Your task: The pictures in the listing below are to be skipped, while the lines between the line holding "German troops gather for target practice." and the line holding "The original caption", inclusive, are to be output exactly.

Data for this exercise:
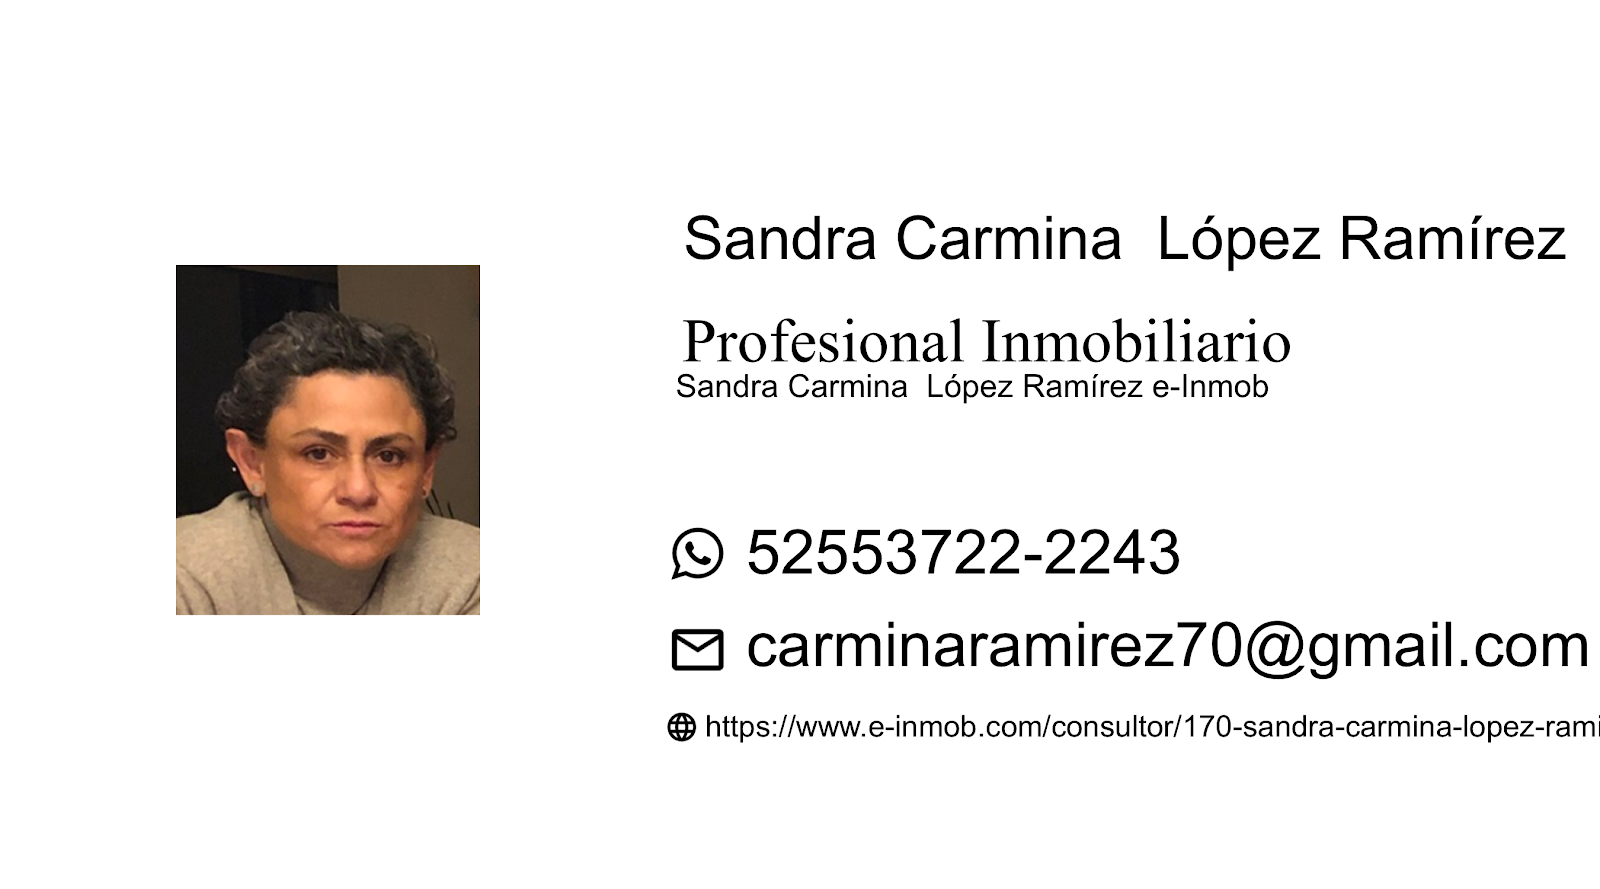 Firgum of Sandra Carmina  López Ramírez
--
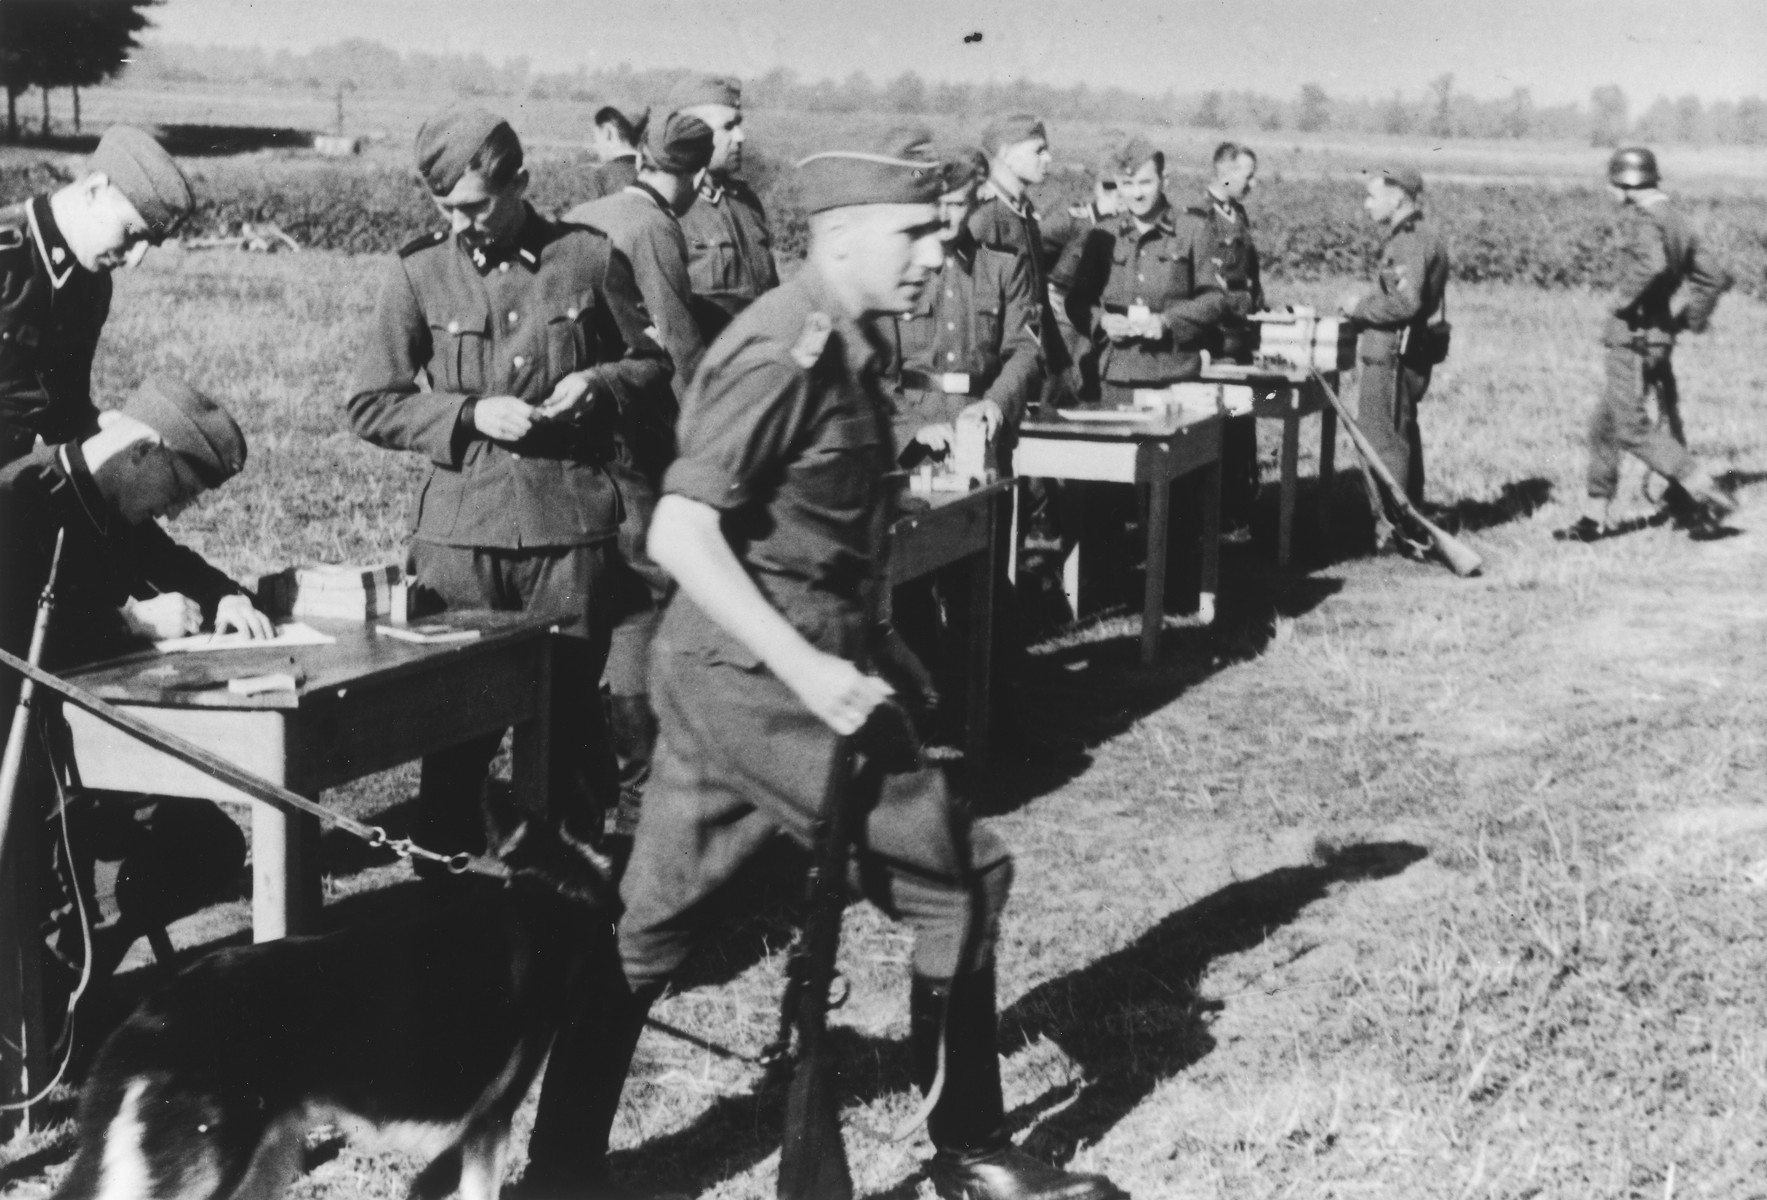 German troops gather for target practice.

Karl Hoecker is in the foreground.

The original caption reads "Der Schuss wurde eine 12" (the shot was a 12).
--
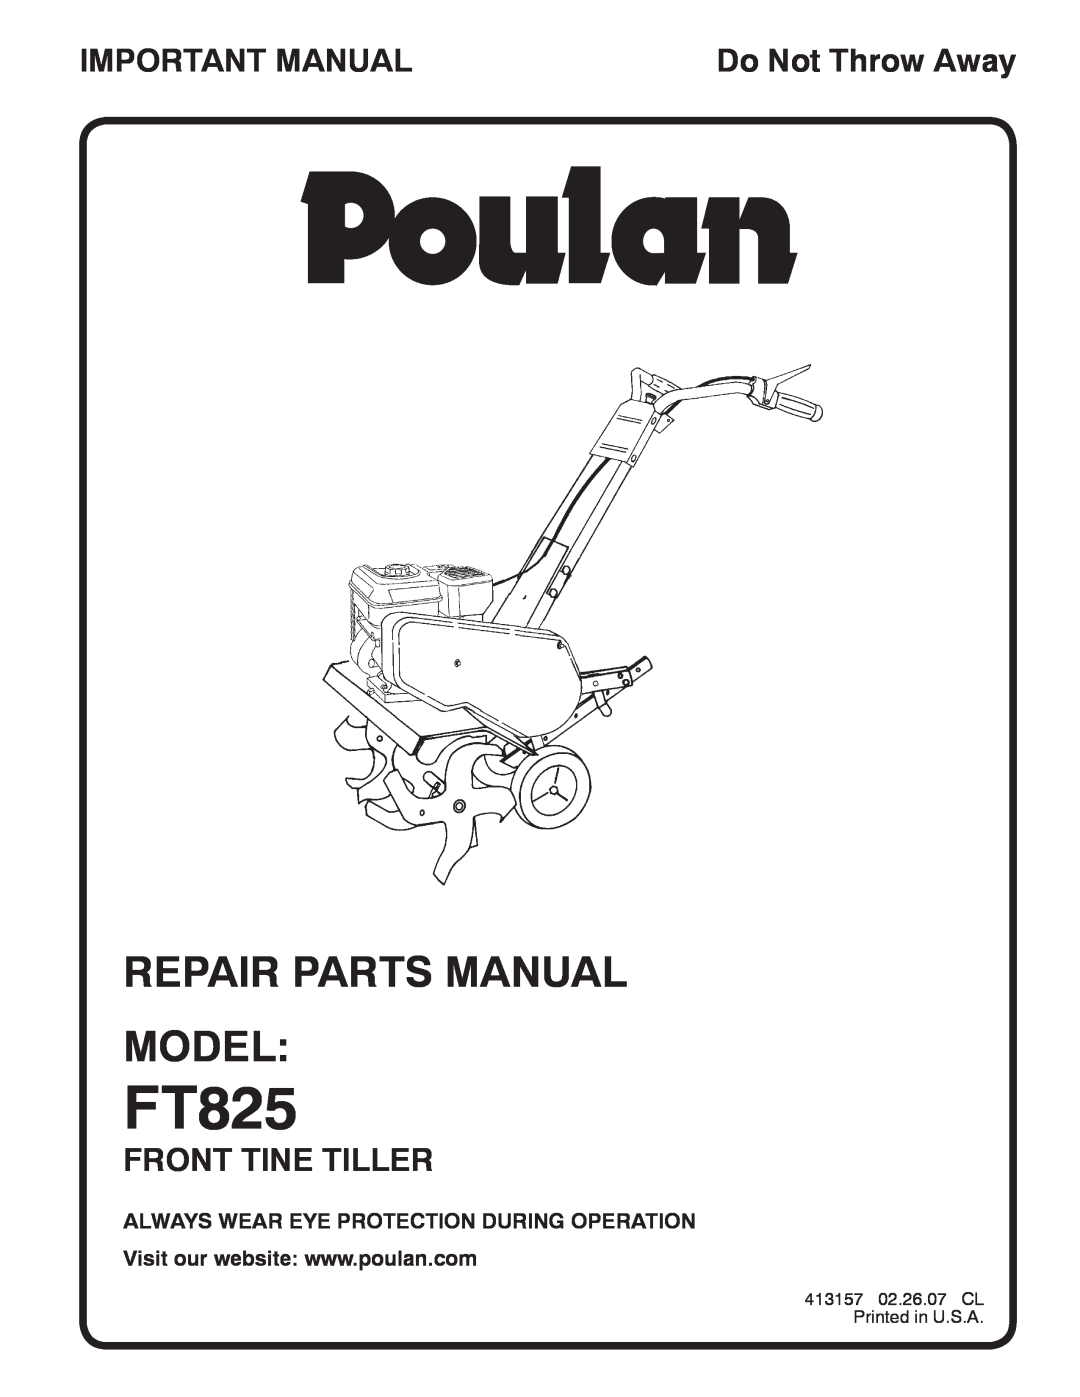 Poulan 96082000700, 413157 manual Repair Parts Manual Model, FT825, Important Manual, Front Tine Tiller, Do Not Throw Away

Exercise answer:
 German troops gather for target practice.

Karl Hoecker is in the foreground.

The original caption reads "Der Schuss wurde eine 12" (the shot was a 12).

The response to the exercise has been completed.